• EXERCISE INSTRUCTIONS: Return the listing below verbatim. Pictures do not belong in the copy.

□ □ □ □

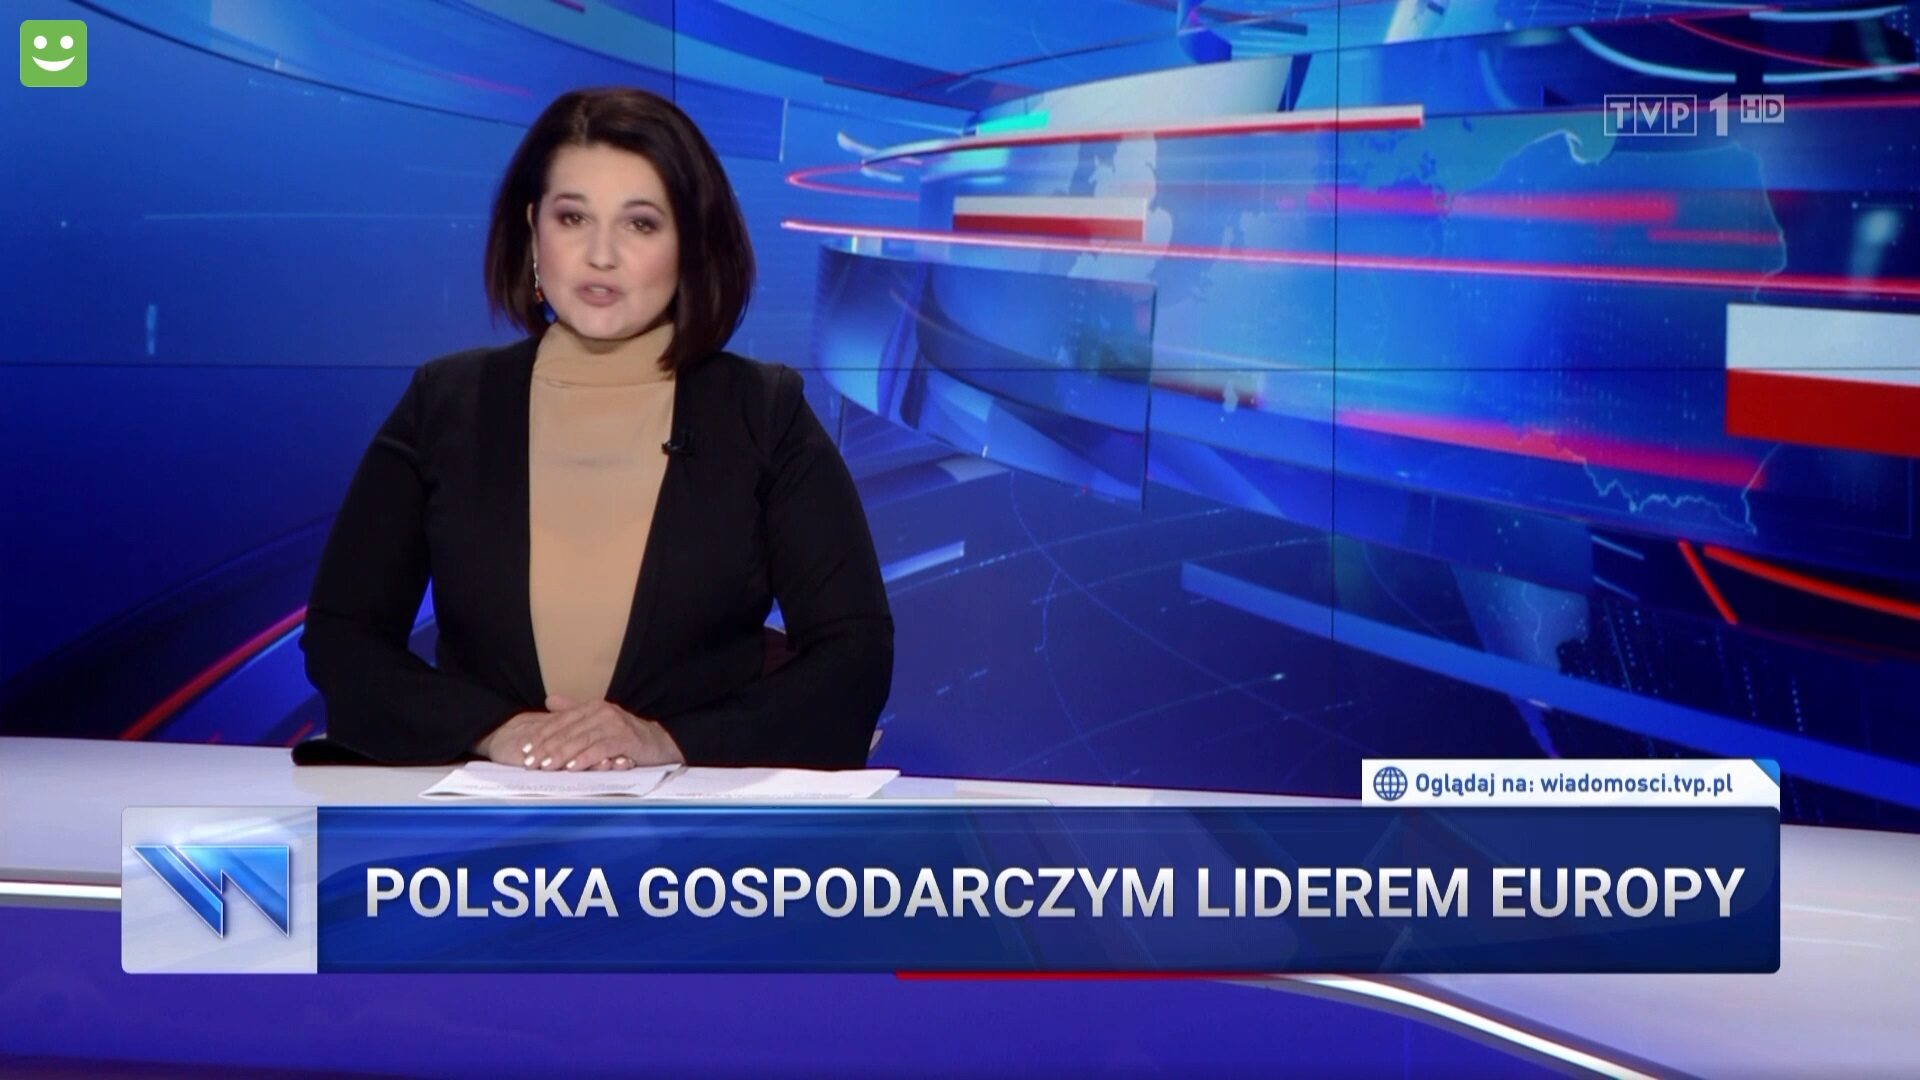 TVP news links the CJEU judge to Tusk.  “Poland’s success irritates”
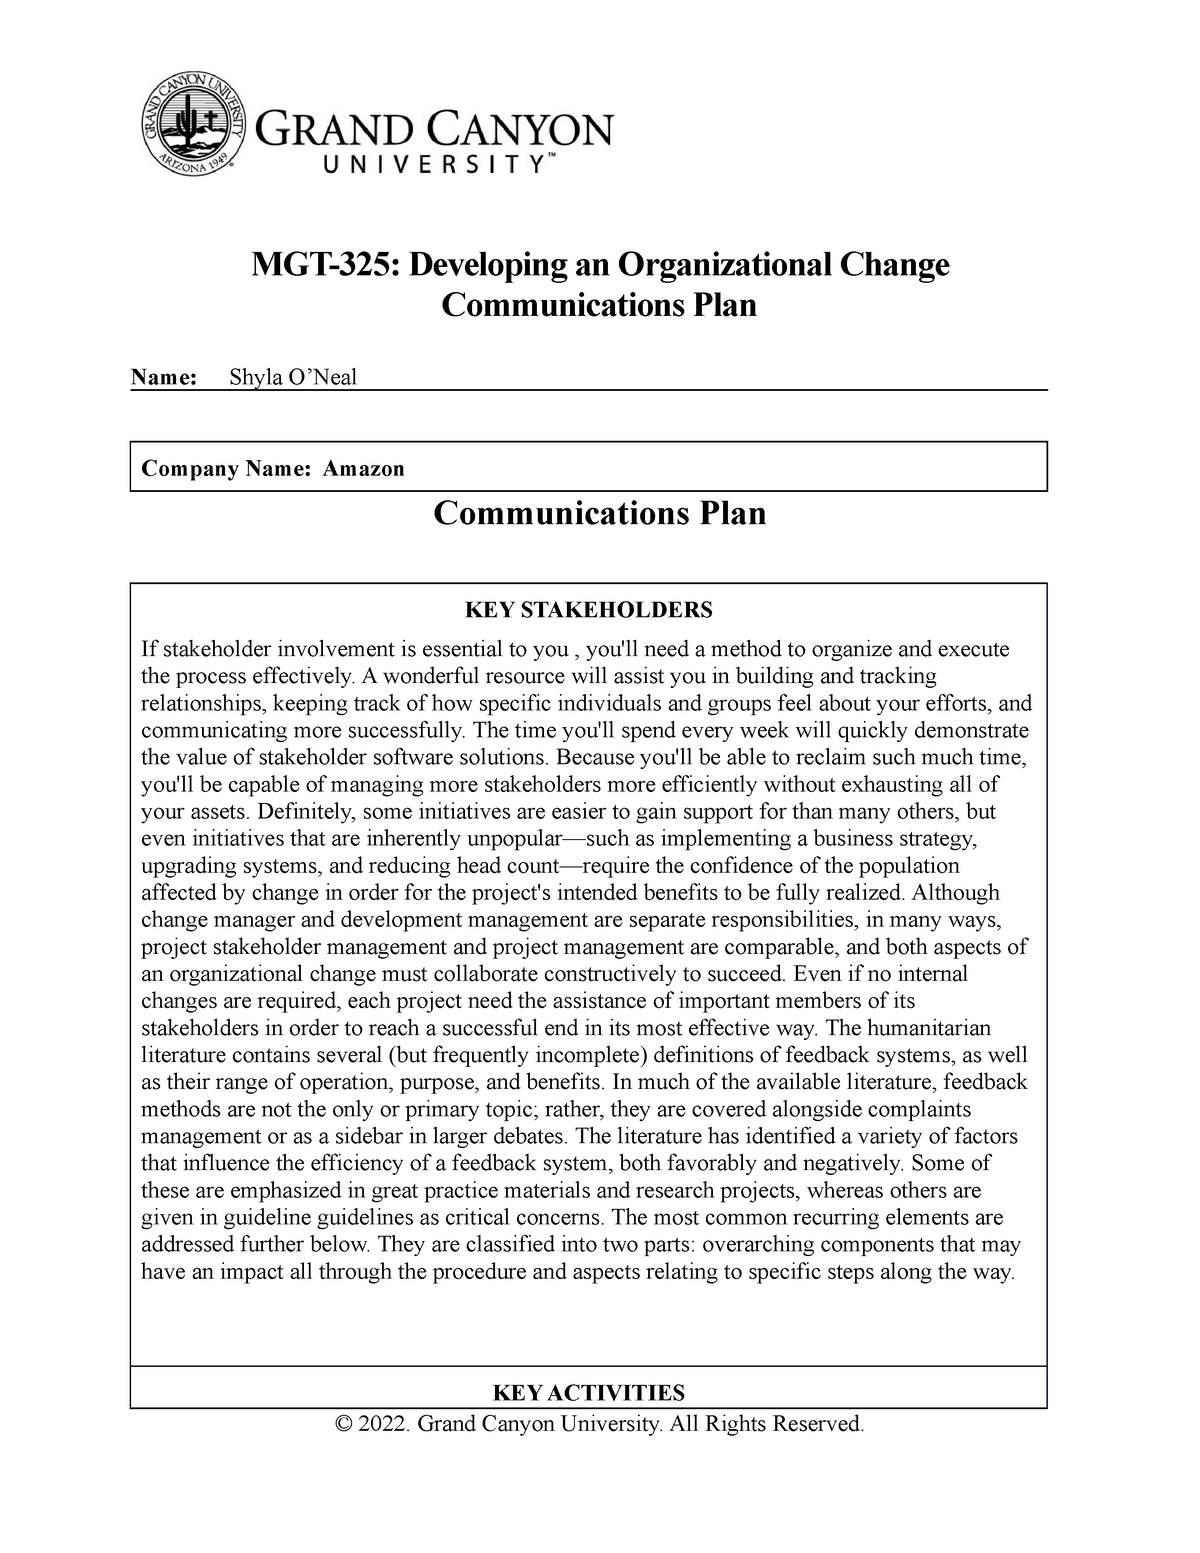 mgt 325 organizational change communications plan presentation
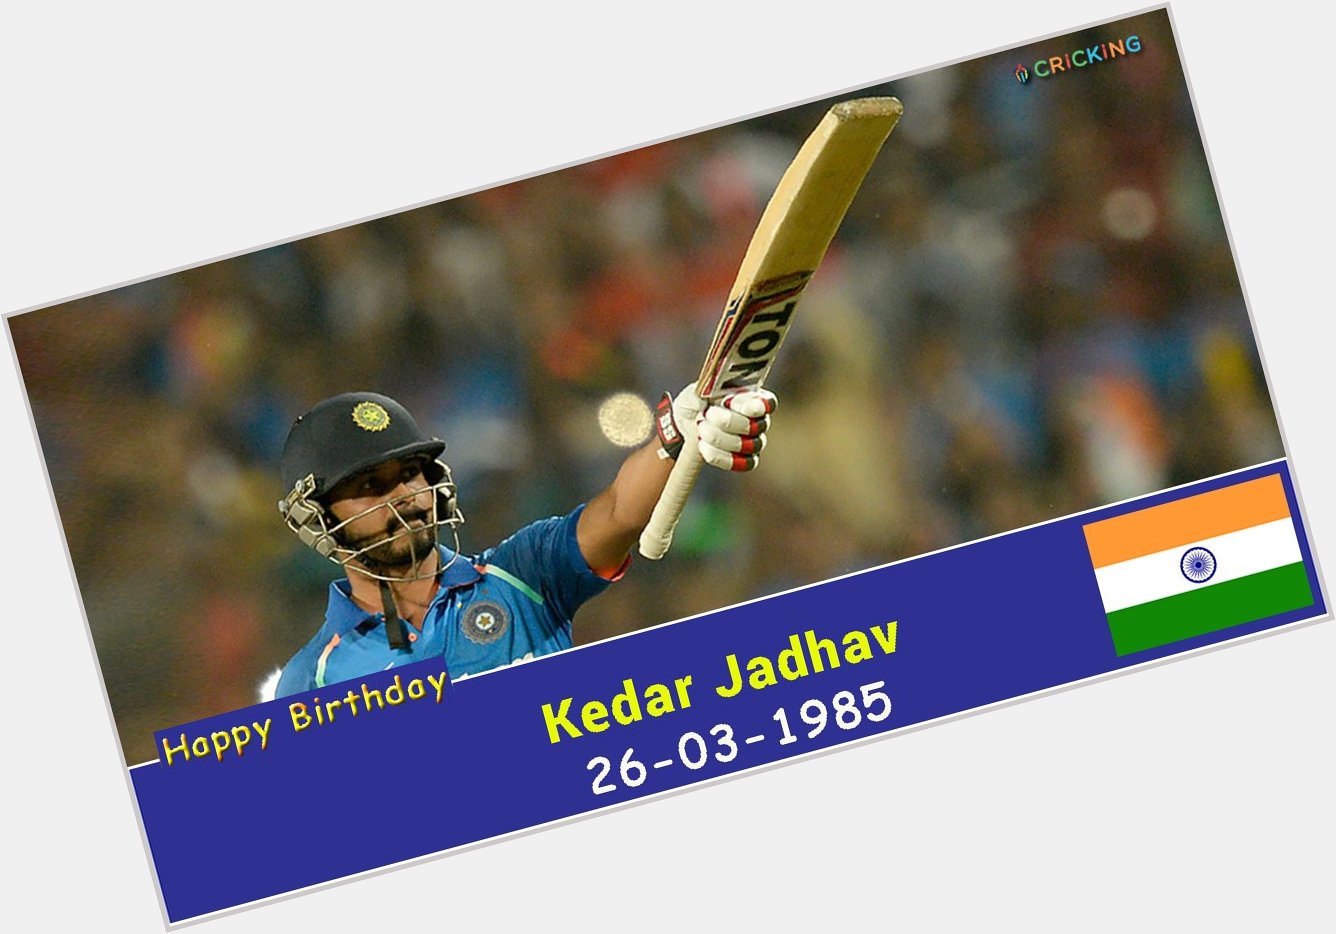 Happy Birthday Kedar Jadhav 
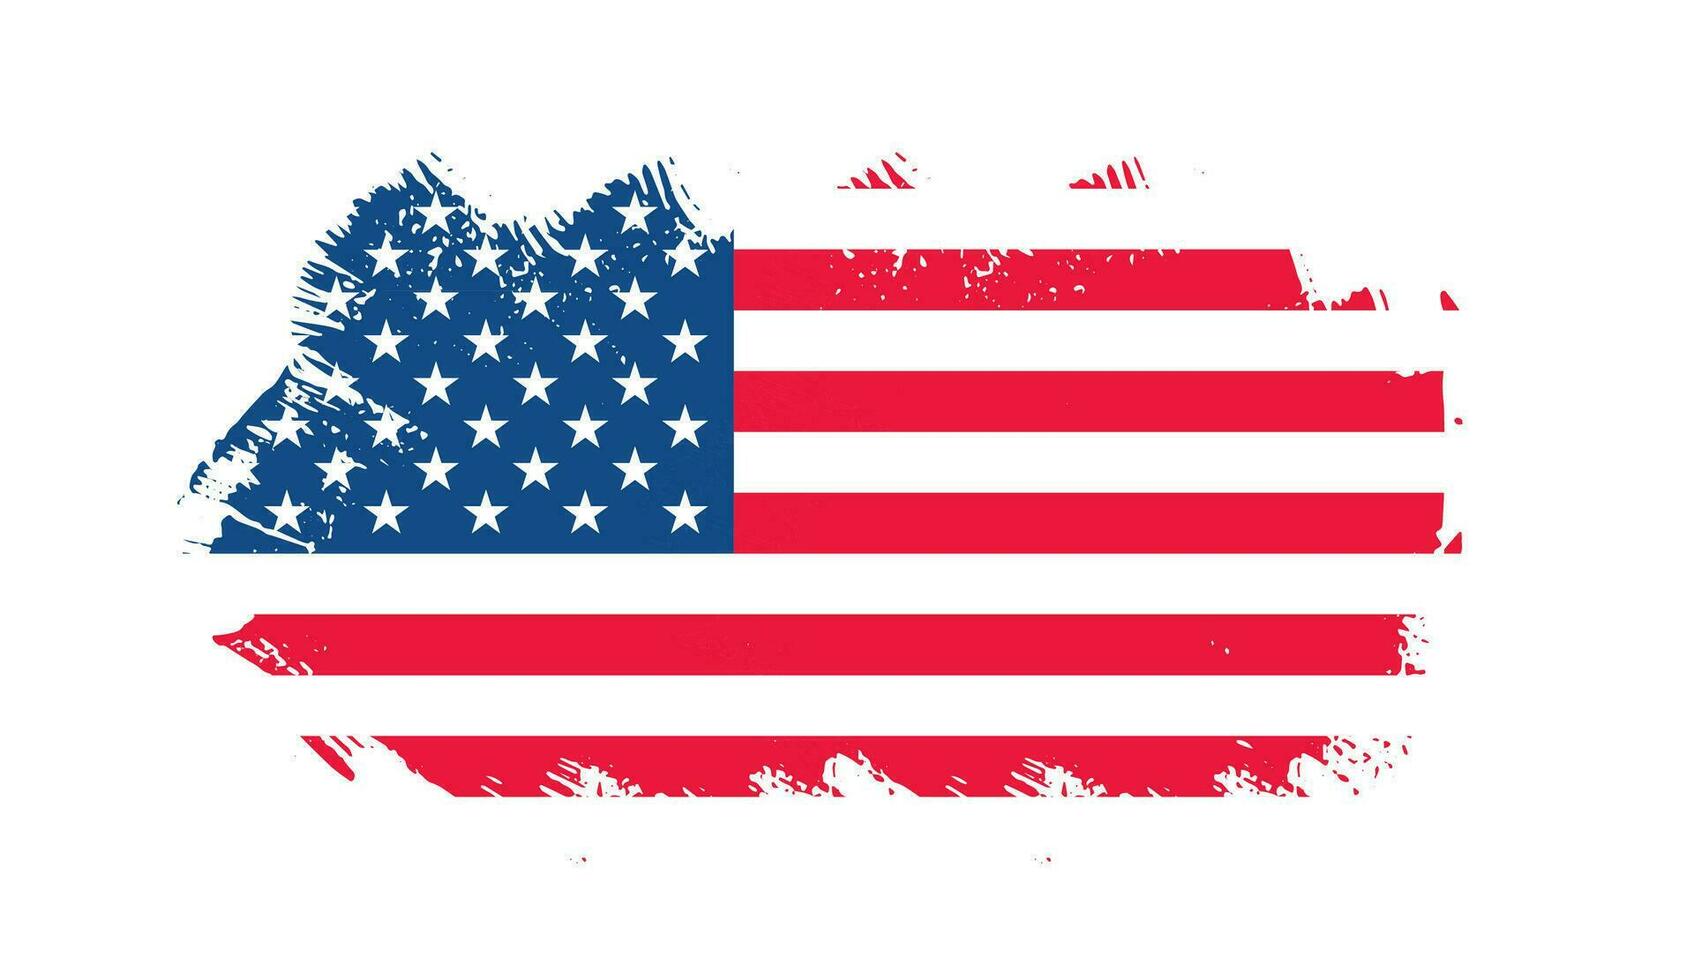 grunge ons vlag borstel beroerte effect. Verenigde Staten van Amerika vlag borstel verf gebruik naar 4 van juli Amerikaans president dag. Verenigde staten van Amerika vlag met waterverf verf borstel beroertes structuur of grunge structuur ontwerp. vector
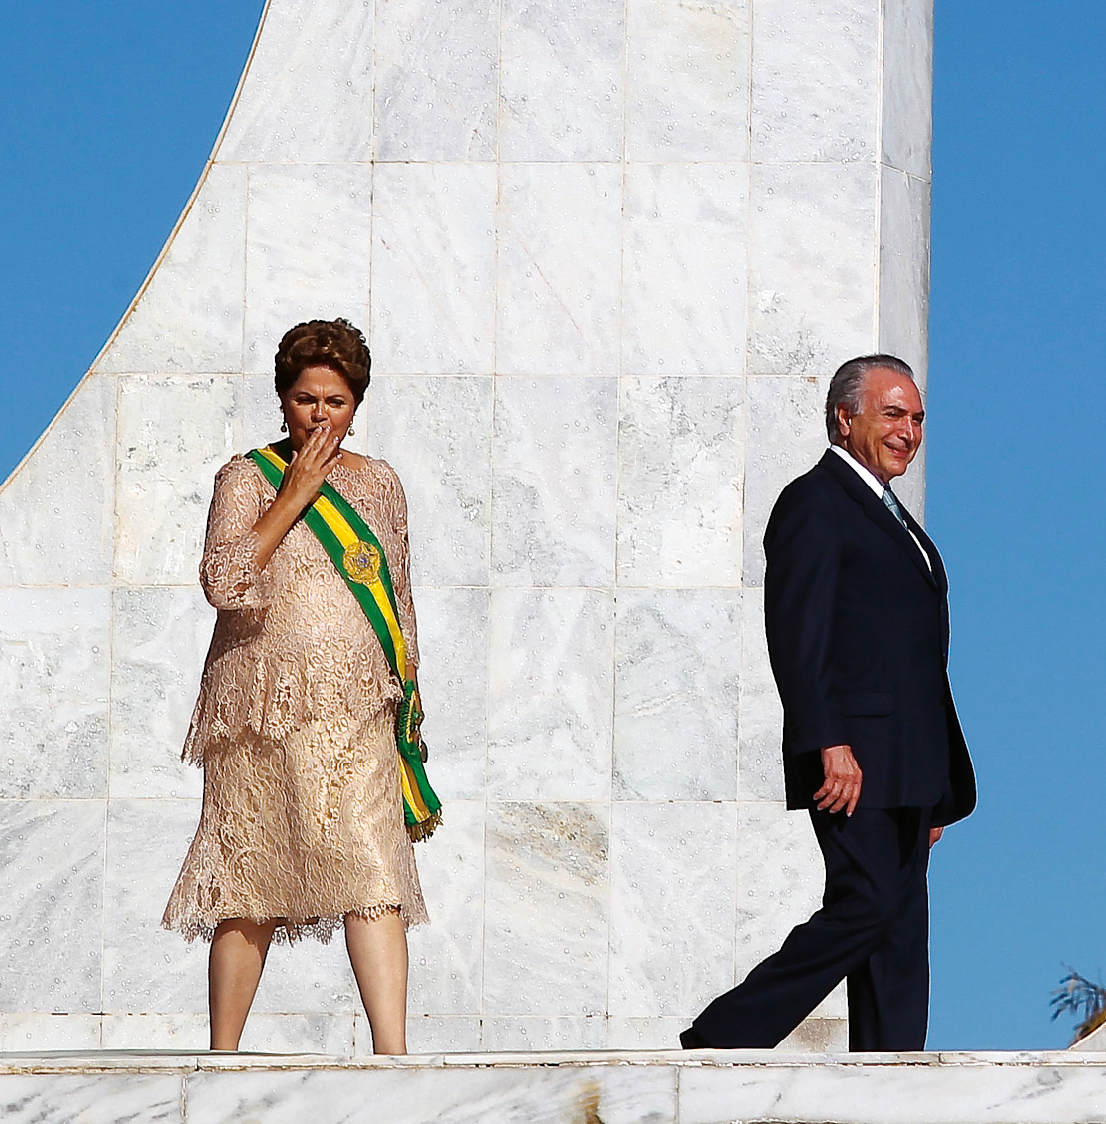 Fotografia. Dilma Rousseff, mulher de cabelos curtos e castanhos, usando um vestido largo e a faixa presidencial. Está com uma das mãos à frente da boca. Ao seu lado, de perfil, Michel temer, homem de cabelos grisalhos. Usa terno escuro.

□ □ □ □

• EXERCISE RESPONSE:
 TVP news links the CJEU judge to Tusk.  “Poland’s success irritates”
 mgt 325 organizational change communications plan presentation
 Happy Birthday Kedar Jadhav 
 grunge ons vlag borstel beroerte effect. Verenigde Staten van Amerika vlag borstel verf gebruik naar 4 van juli Amerikaans president dag. Verenigde staten van Amerika vlag met waterverf verf borstel beroertes structuur of grunge structuur ontwerp. vector
 Fotografia. Dilma Rousseff, mulher de cabelos curtos e castanhos, usando um vestido largo e a faixa presidencial. Está com uma das mãos à frente da boca. Ao seu lado, de perfil, Michel temer, homem de cabelos grisalhos. Usa terno escuro.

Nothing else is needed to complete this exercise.